Note that (Ω _βγδt)⁻¹ ≡ [(Ωδt)⁻¹]_βγ and the semicolon in η _j+1;β serves to separate the indices; it is not a derivative. Differentiation w.r.t. the state η _jα yields (j = 1, …, J − 1)

$$\displaystyle \begin{aligned} \begin{array}{rcl} {} \partial S_{0}/\partial(\eta_{j \alpha}\delta t) &\displaystyle =&\displaystyle -\varOmega_{\alpha \gamma}^{-1} \delta t^{-2} (\eta_{j+1; \gamma}-2\eta_{j\gamma}+ \eta_{j-1; \gamma}) \end{array} \end{aligned} $$

(16.40)

In vector notation, we have ∂S ₀∕∂(η _jδt) = −Ω ⁻¹δt ⁻²Δη _j. On the boundaries j = 0, j = J we obtain

$$\displaystyle \begin{aligned} \begin{array}{rcl} \partial S_{0}/\partial(\eta_{0 \alpha}\delta t) &\displaystyle =&\displaystyle -\varOmega_{\alpha \gamma}^{-1} \delta t^{-2} (\eta_{1\gamma}-\eta_{0\gamma}) \\ \partial S_{0}/\partial(\eta_{0 \alpha}\delta t) &\displaystyle =&\displaystyle \varOmega_{\alpha \gamma}^{-1} \delta t^{-2} (\eta_{J\gamma}-\eta_{J-1;\gamma}) \end{array} \end{aligned} $$

Next, the derivatives of $\log \alpha (\eta )$ are needed.
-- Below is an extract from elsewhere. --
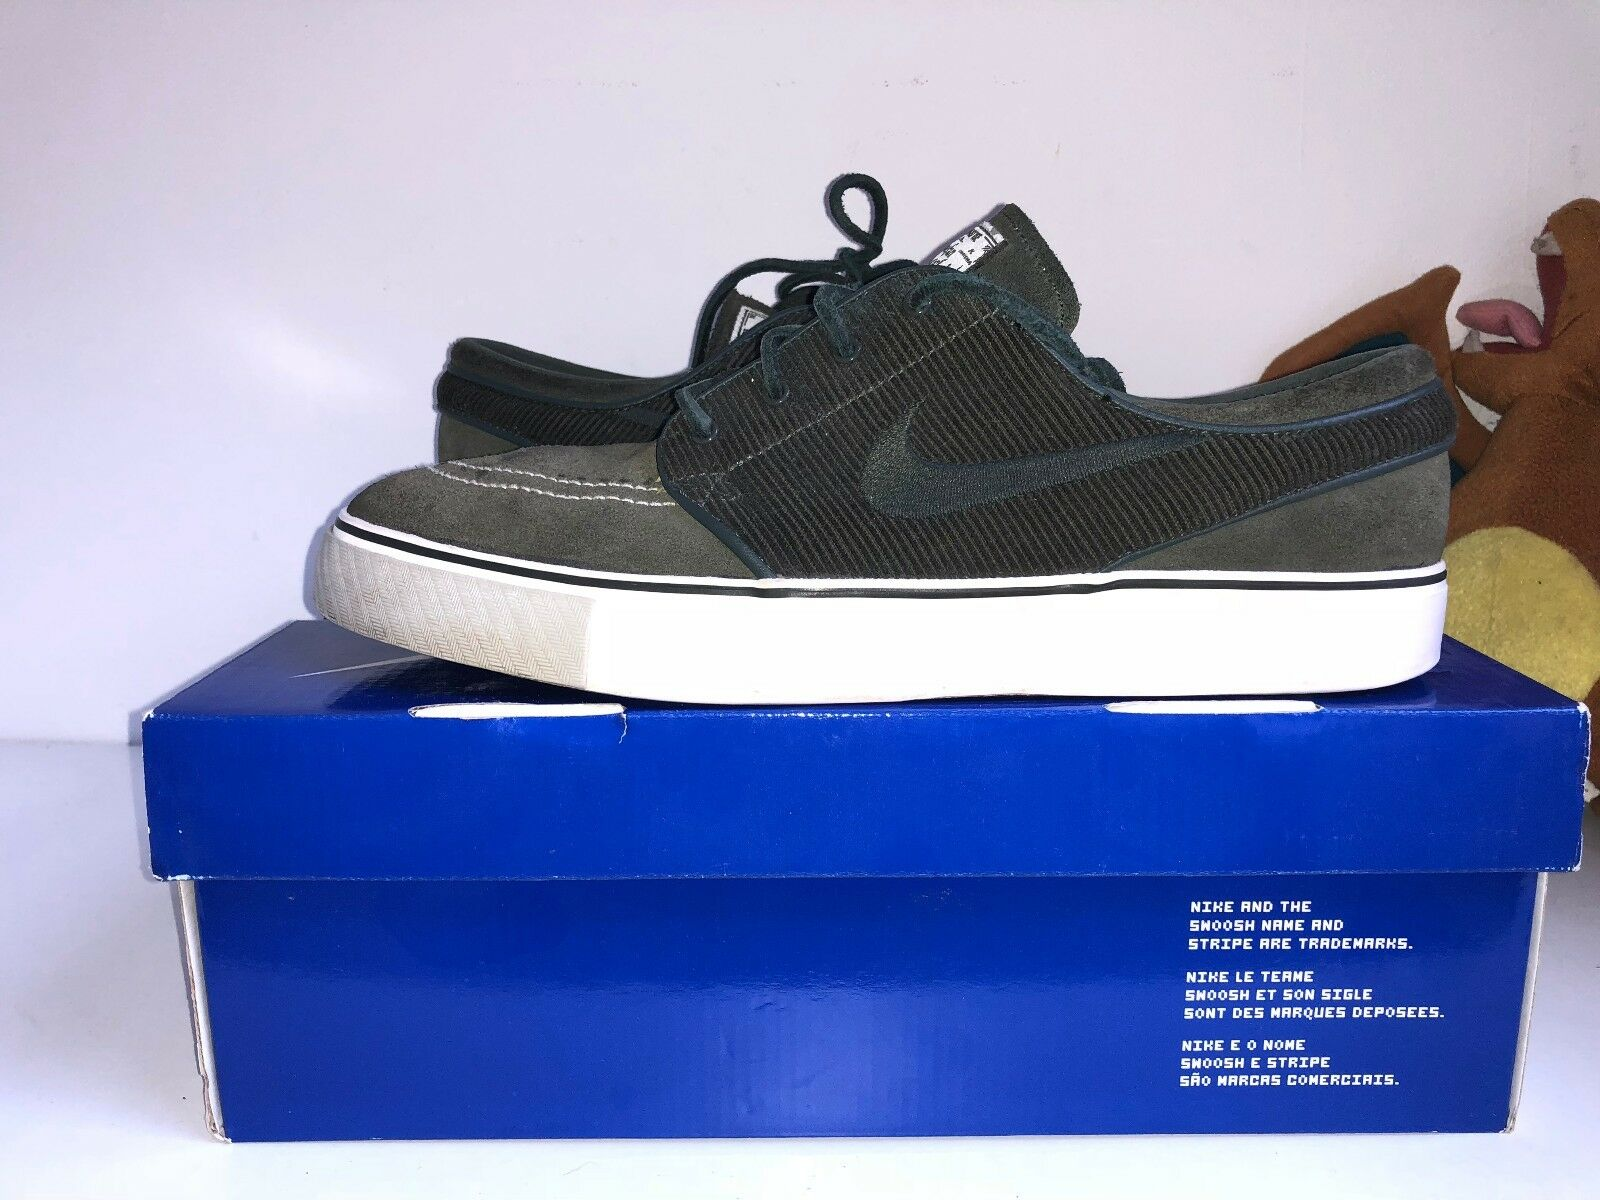 Scarpe da ginnastica Nike Stefan 10-] Janoski-militare scuro/militare scuro [Us 10-] Stefan 124903

One gets

$$\displaystyle \begin{aligned} \begin{array}{rcl} \partial S_{1}/\partial(\eta_{j \alpha}\delta t) &\displaystyle =&\displaystyle -\delta t^{-1}[f_{j\beta,\alpha}\varOmega_{\beta \gamma}^{-1}\delta \eta_{j\gamma} -\varOmega_{\alpha \gamma}^{-1}(f_{j\gamma}-f_{j-1;\gamma})] \end{array} \end{aligned} $$

or in vector form, using difference operators

$$\displaystyle \begin{aligned} \begin{array}{rcl} {} \partial S_{1}/\partial(\eta_{j\alpha}\delta t) &\displaystyle =&\displaystyle -\delta t^{-1}[f_{j\bullet,\alpha}^{\prime}\varOmega^{-1}\delta \eta_{j} -\varOmega^{-1}\delta f_{j-1}], \end{array} \end{aligned} $$

(16.41)

where f _j•,α is column α of the Jacobian f _η(η _j). The second term yields

$$\displaystyle \begin{aligned} \begin{array}{rcl} {} \partial S_{2}/\partial(\eta_{j \alpha}\delta t) &\displaystyle =&\displaystyle \partial/\partial\eta_{j \alpha}\frac{1}{2}[f_{j\beta}\varOmega_{\beta \gamma}^{-1}f_{j\gamma}] = f_{j\beta,\alpha}\varOmega_{\beta \gamma}^{-1}f_{j\gamma}\\ &\displaystyle =&\displaystyle f_{j\bullet,\alpha}^{\prime}\varOmega^{-1}f_{j}. \end{array} \end{aligned} $$

(16.42)

Finally, one has to determine the drift component corresponding to the measurements, which is contained in the conditional density p(z|η). Since it was assumed that the error of measurement is Gaussian (see 16.2), we obtain

$$\displaystyle \begin{aligned} \begin{array}{rcl} p(z|\eta) &\displaystyle =&\displaystyle \prod_{i=0}^{T} p(z_{i}|\eta_{j_{i}}) = \prod_{i=0}^{T} \phi(z_{i};h_i,R_{i}), \end{array} \end{aligned} $$

where ϕ(y;μ, Σ) is the multivariate Gaussian density, $h_i=h(\eta _{j_{i}},x_{j_{i}})$ is the output function and $R_{i}=R(x_{j_{i}})$ is the measurement error covariance matrix. Thus the derivative reads (matrix form in the second line)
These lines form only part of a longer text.